Water Infrastructure Falling Apart Nation-wide

Water statistics: 2.5% of all water is fresh (drinkable), 69% of fresh water is locked up in glaciers and ice caps, in the USA 37% (of 127 trillion gallons) is used for irrigation, 1,847 gallons to produce 1 lb beef, 35.7 gallons to make 1 egg, 400 gallons/day/avg home in USA

Water used in energy production (power plants need large quantities of water): 900 gallons of water per MWh of nuclear power electricity, 585 gallons per MWh fossil fuel electricity

Calling All Plumbers

Nicholas S. Wigginton. 17 Feb 2012.Science vol 335.

Water infrastructure is in dire need of rebuilding and modernization for economic and safety. Leaking pipes result in the loss of 7 billion gallons of clean, treated drinking water every day in the United States alone. Water distribution networks are a hodgepodge of aging original pipes, replacement pipes, and pipes made from new materials; moreover, external pressures change over time. It is therefore difficult to predict when a system—let alone an individual pipe—will fail.  Water Res. 10.1016/ j.watres.2012.01.036  (2012).

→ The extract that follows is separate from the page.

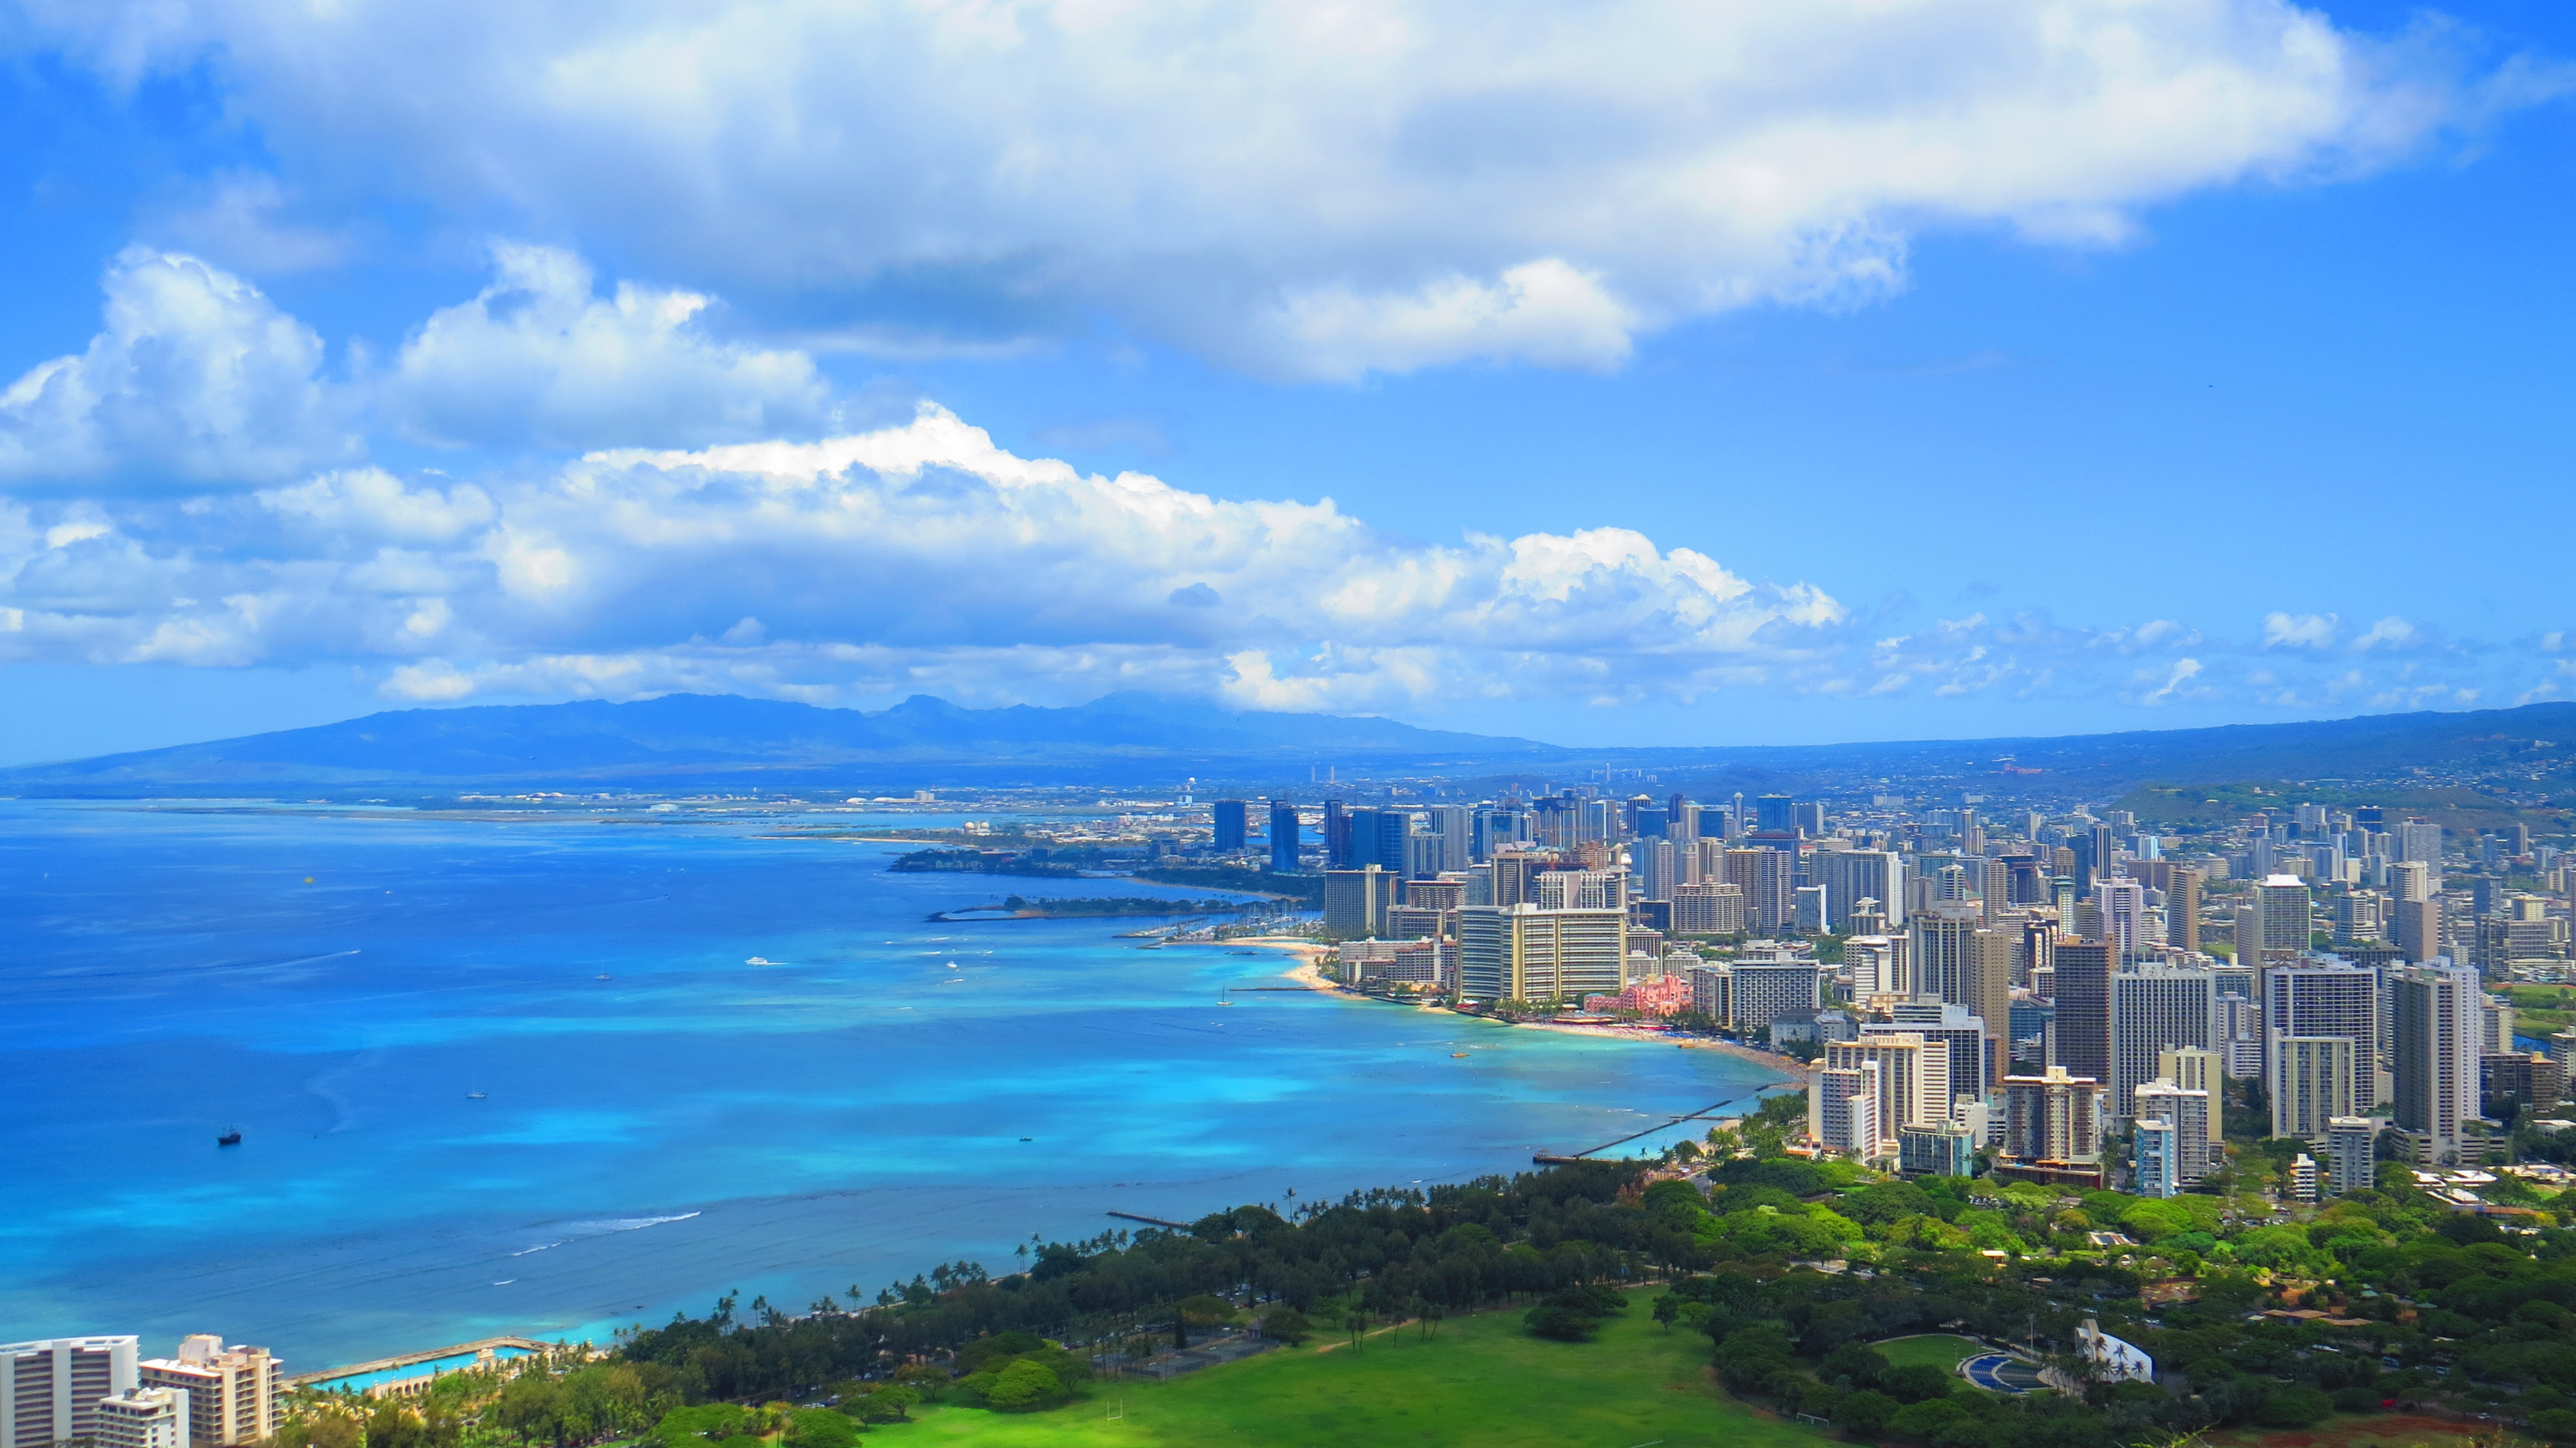 Downtown Honolulu and Waikiki from Diamond Head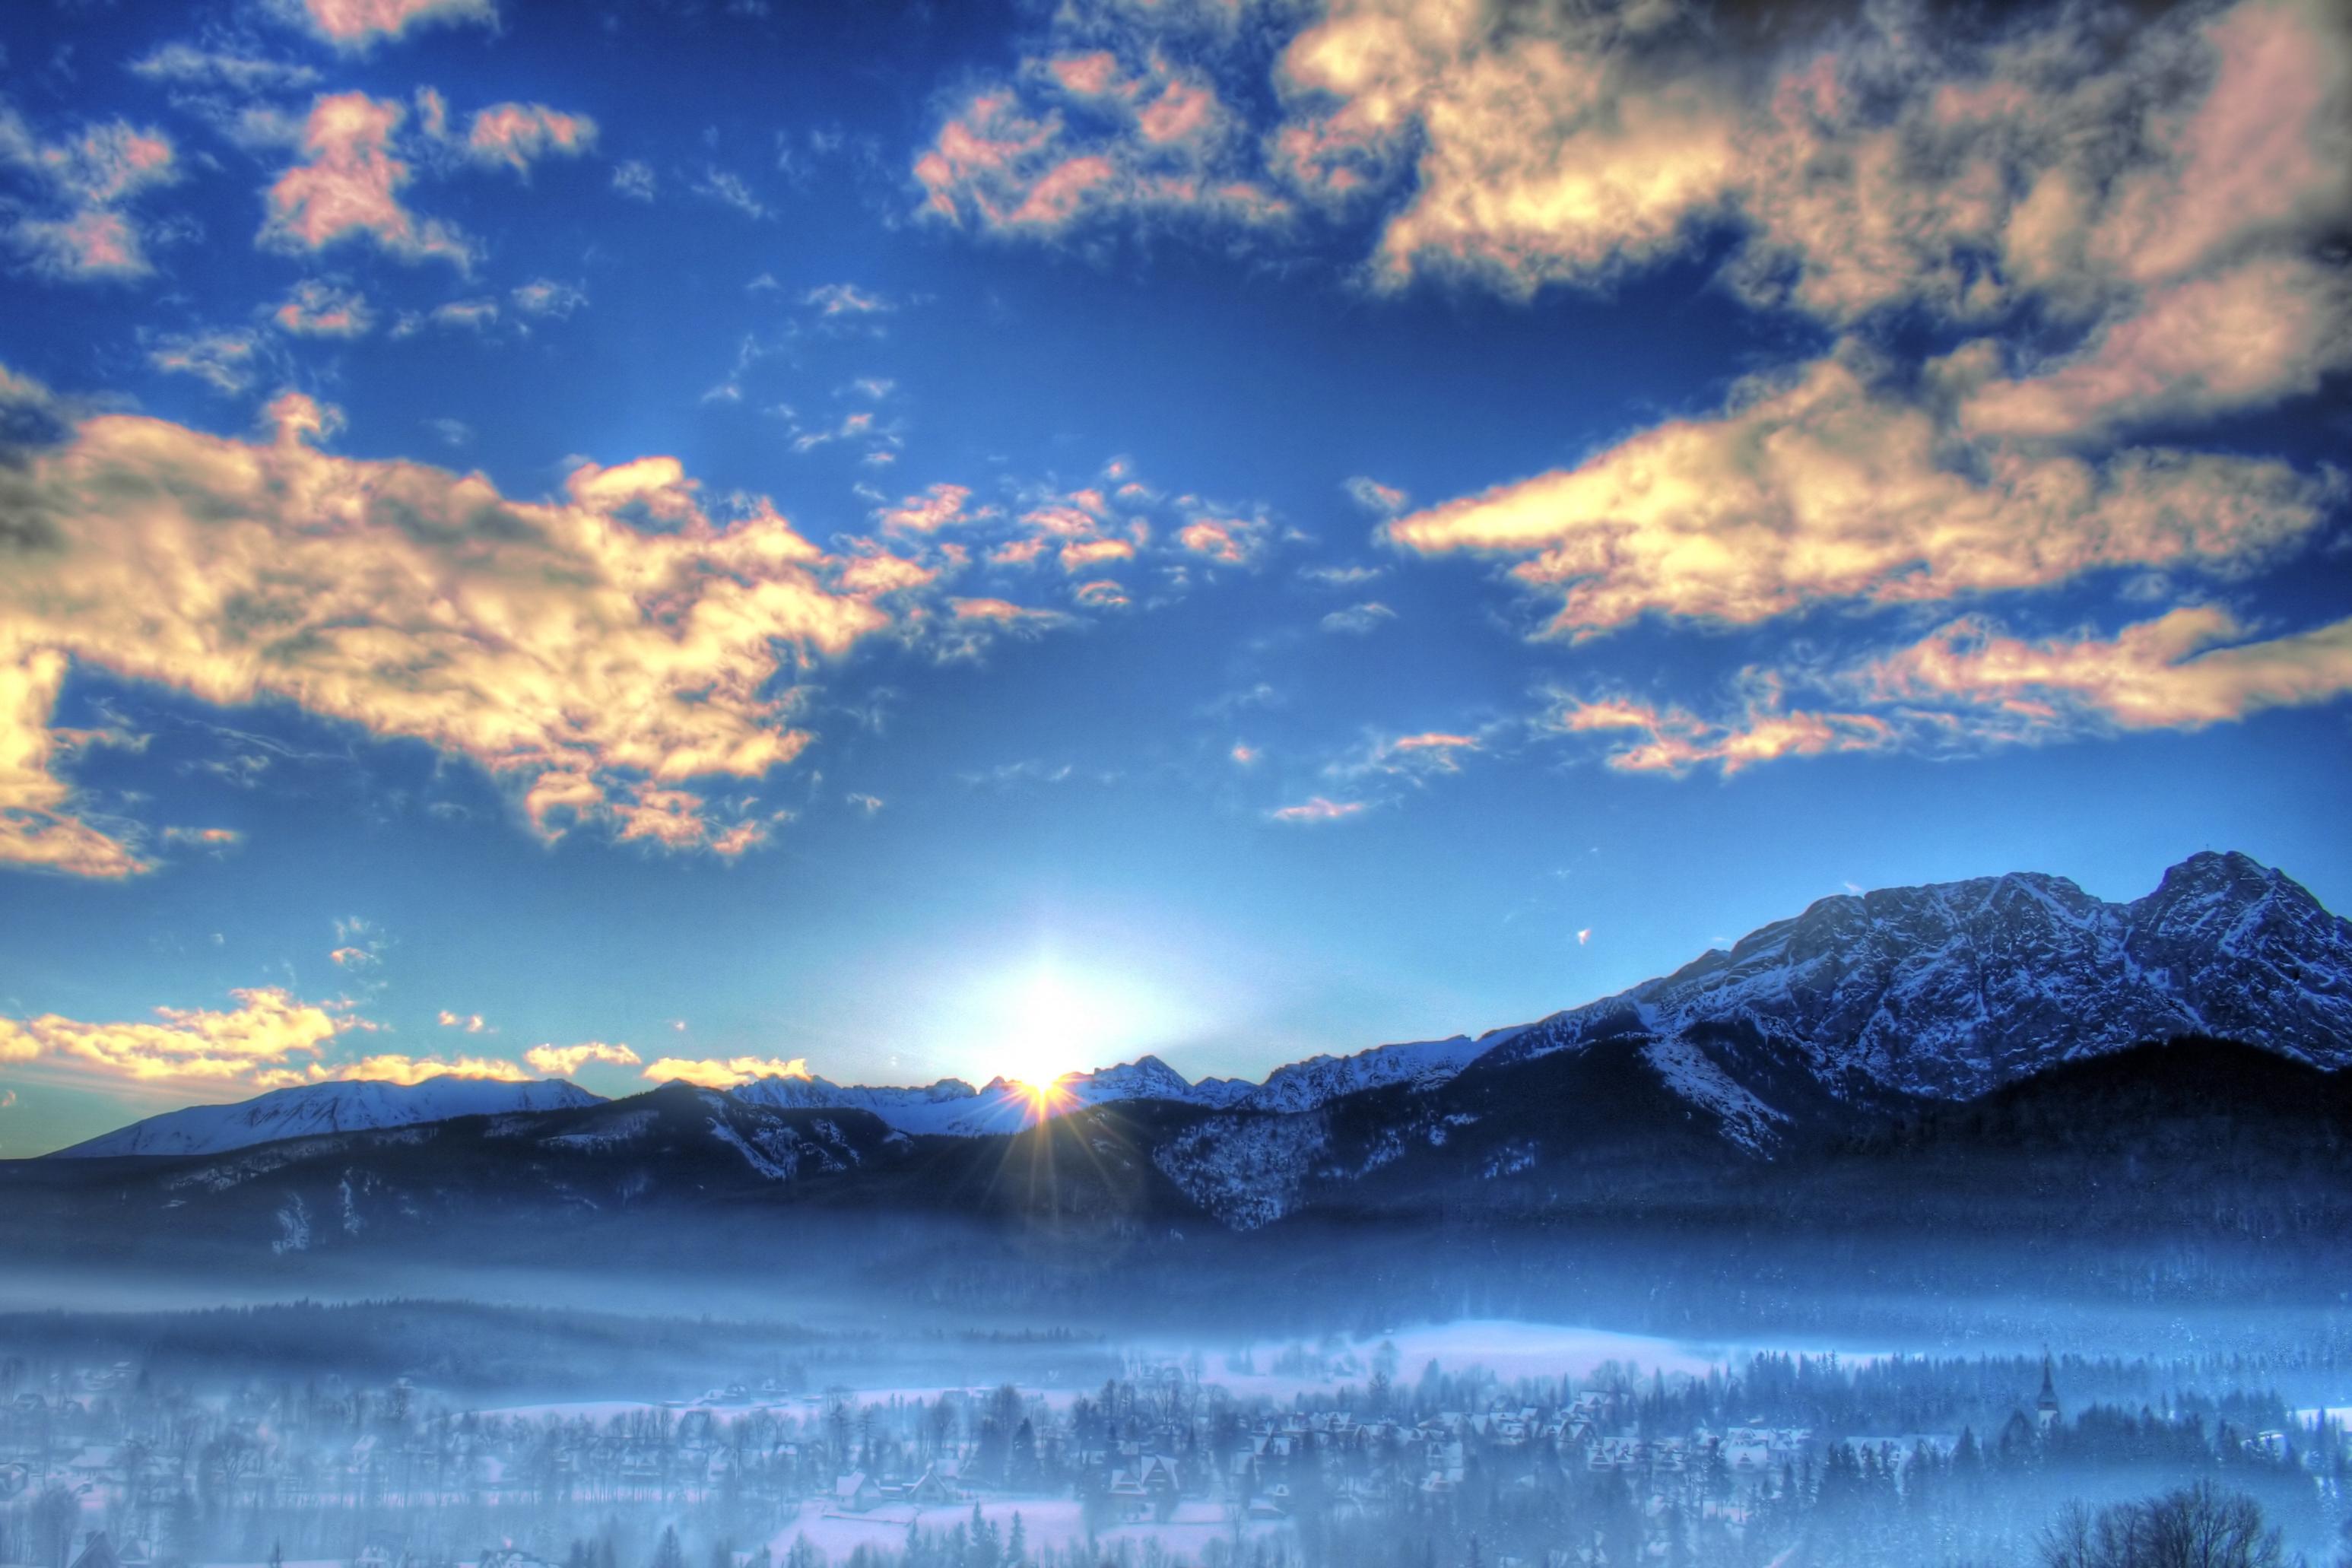 Image Source Page: http://val-shevchenko.deviantart.com/art/Winter ...

A Severe Winter Breaks Budgets as Well as Pipes

Feb 16, 2014. Jesse McKinley.New York Times.

  • Syracuse has had at least 100 main breaks since the start of the year, a large number for a city of 145,000.  Mayor Stephanie A. Miner said “You don’t cut ribbons for new water mains, but that’s really what matters,” she said.
  • Detroit, the largest American municipality ever to enter bankruptcy, was already suffering from an aging, neglected infrastructure; Darryl Latimer, deputy director of the city’s Water and Sewerage Department, said that after a wave of retirements, the department’s staff, like the budget for water main repair, was not up to the job. To those burdens, this winter added persistent subzero temperatures and heavy snow, contributing to about 500 water main breaks in January, compared with about 300 a year earlier, forcing the city to hire outside crews to try to keep up.  The major break last week in Detroit, in a pipe dating to about 1890, sent water gushing through gaps in the pavement in front of a grocery store, and submerged streets in a 12-block radius to a depth of as much as two feet.
  • Baltimore. 353 water mains ruptured in January, one-third as many as in all of 2013.
  • New York. A 137-year-old main that popped in Lower Manhattan turned some of the most stylish streets in Greenwich Village into a temporary Venice.
  • Boston. A break in Boston’s Chinatown nearly swallowed a public works truck.

“Cities still do not have a lot of cash available, so this particular storm season is having a really severe impact on their budgets,” said James Brooks, a director for community development and infrastructure at the National League of Cities. “We’ve also had many years of disinvestment in things like roads, bridges, water and sewer systems, which makes them more vulnerable.”

Cold weather is tough on water systems because as the water chills, metal pipes contract. At the same time, frost and ice cause the ground to expand, adding pressure.

In addition to the direct costs to governments, harsh weather can also mean lower tax revenue by slowing economic activity.

Detroit’s water drains away from ravaged pipes

Dec 11, 2013. Corey Williams. Associated Press.

Modern technology can help track leaks but that’s an expense that Detroit, with a network of 100-year-old cast iron pipes, can’t afford.

As Detroit goes through the largest municipal bankruptcy in U.S. history, the city’s porous water system illustrates how some of its resources are still draining away even as it struggles to stabilize its finances and provide basic services.

More than 30,000 buildings stand vacant in neighborhoods hollowed out by Detroit’s long population decline, vulnerable to metal scavengers who rip out pipes, leaving the water to flow. The city’s water system has no way of tracking the leaks, and the water department doesn’t have enough workers to check every structure. Sometimes, the water can run for years.

The city’s five water treatment plants pump more than 600 million gallons of drinking water across Detroit’s 139 square miles each day, billing residents for the volume used.  It costs a $250,000 a day to produce that much drinking water ($400 per million gallons), and $500,000 a day for sewage treatment ($800 per million gallons).

In a city with an estimated $18 billion debt, the department has a debt of about $5.9 billion. The water department has lost more than 400 jobs in the last few years, and one study has proposed cutting half of the 1,700 positions left.  Detroit, which once had 1.8 million people, is now down to about 700,000.